Clinical data were retrieved from hospital records: Her2 scores of 0 and 1+ were considered ‘negative’, those with 2+ by immunohistochemistry (IHC) and amplification by fluorescence in situ hybridisation/silver in situ hybridisation or 3+ by IHC alone were considered ‘positive’. In MyBrCa, family history of all cancers was collected and in SGBCC, only information on first degree family history of breast or ovarian cancer was collected.

Participants donated a blood or saliva sample that was processed and stored, completed a questionnaire that included information on lifestyle risk factors for breast cancer, and provided written informed consent.

Sequencing and bioinformatics analysis

Germline DNA of cases and controls were sequenced in two batches, using targeted sequencing panels that target the coding regions and exon-intron boundaries of known and suspected breast cancer susceptibility genes, respectively, which included PALB2, BRCA1 and BRCA2 genes.7 8 20 Target enrichment were performed using the Fluidgm Access Array system (n=5090) or the Fluidgm Juno system (n=11 342) and sequenced on Illumina HiSeq 2500 or HiSeq 4000. Specifically, the 11 342 samples analysed on the Fluidgm Juno system were described in Dorling et al.8 As PALB2 is a relatively rare breast cancer gene, we have combined both analyses in this paper and further characterised the role of missense variants in this population, which has previously not been reported.
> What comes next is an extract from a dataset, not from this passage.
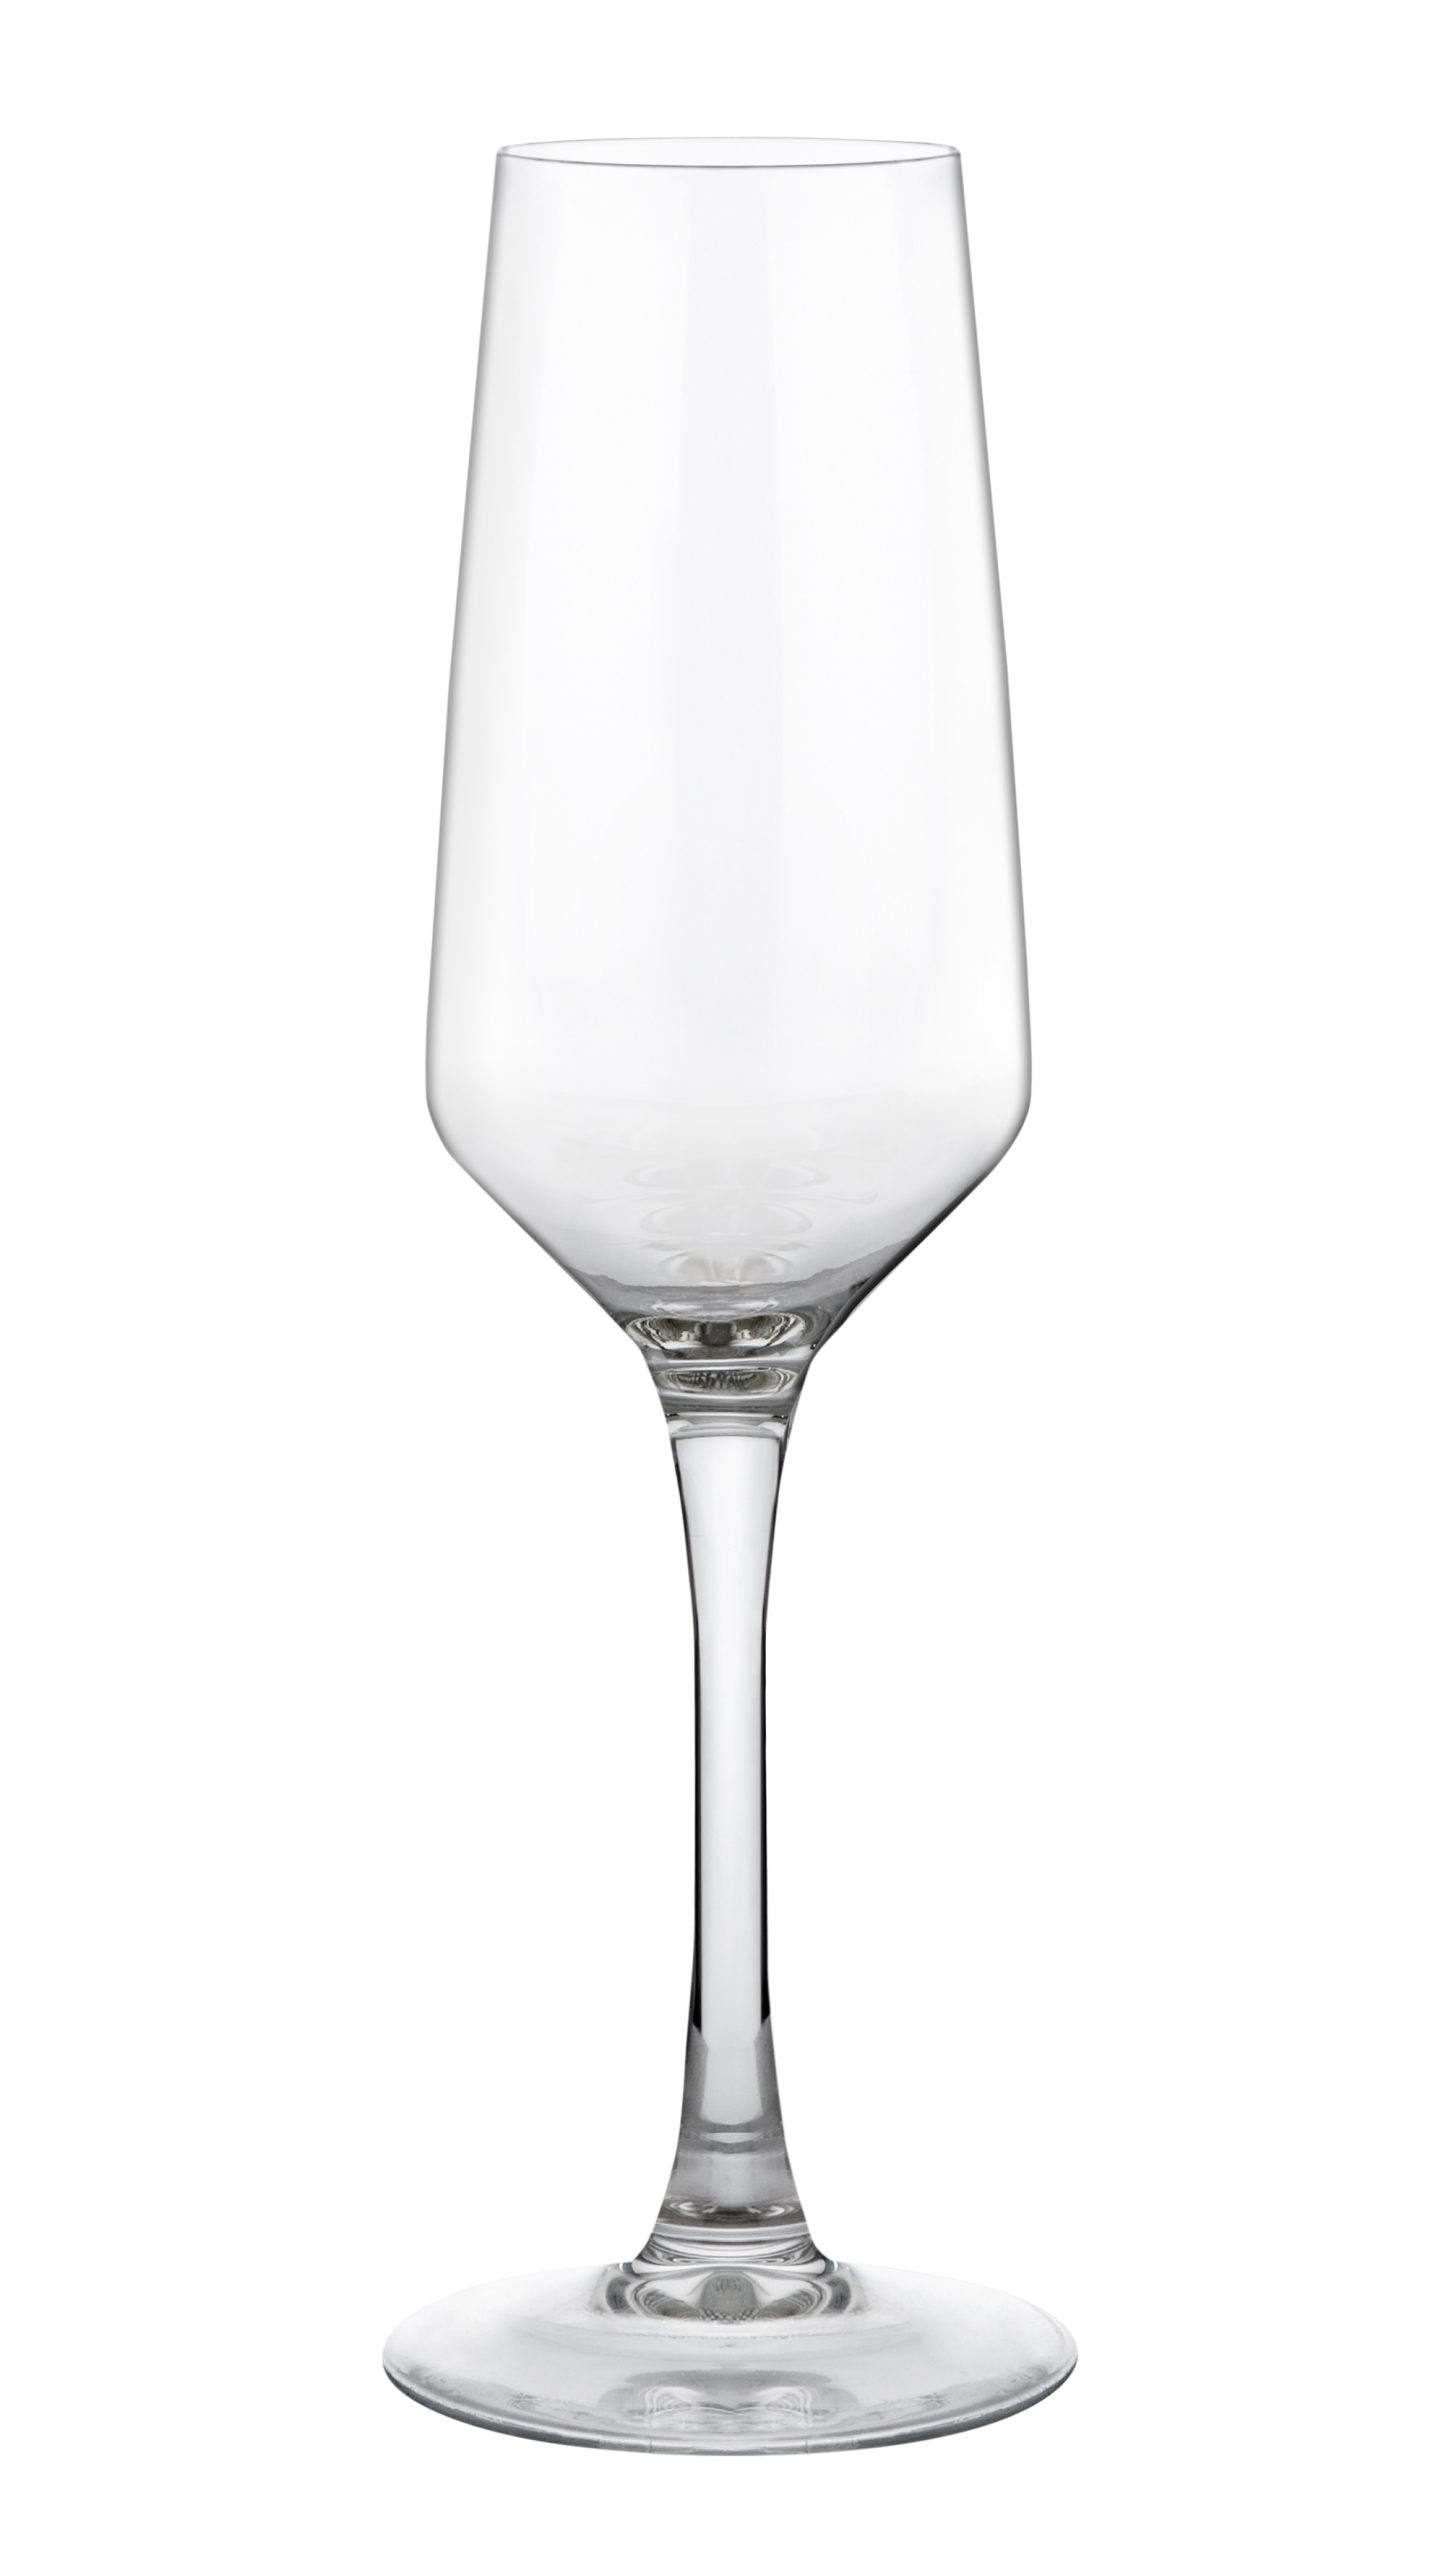 MENCIA CHARDONNAY 17,5cl  Champagne Glass HOSTELVIA VICRILA SPAIN ®

Library preparations were performed according to manufacturer’s protocols as described previously.7 8 20 In total, germline DNA from 8205 breast cancer patients and 8227 controls were analysed by panel sequencing. After excluding samples that failed sequencing quality control, 7840 cases and 7928 controls were included for subsequent analyses (online supplemental table 1).

Supplemental material

Analysis of sequencing data was performed as described previously.8 20 Briefly, raw sequence data were demultiplexed and aligned to the human reference genome, hg19 using BWA-MEM.21 22 Variant calling was performed using VarDict.23 Analyses were restricted to putative PTVs and rare missense variants. All frameshift, stop-gain (nonsense) and consensus splice site variants were considered as PTVs unless reported otherwise by the Evidence-based Network for the Interpretation of Germline Mutant Alleles consortium.24 25 Rare missense variants were defined as having a minor allelic frequency <0.1% present in gnomAD. All PTVs and rare missense variants annotated by the align-GVGD ( in silico tool as likely pathogenic (C15–C65) were validated by Sanger sequencing. NM_024675.3 was used as the reference sequence for PALB2 variants.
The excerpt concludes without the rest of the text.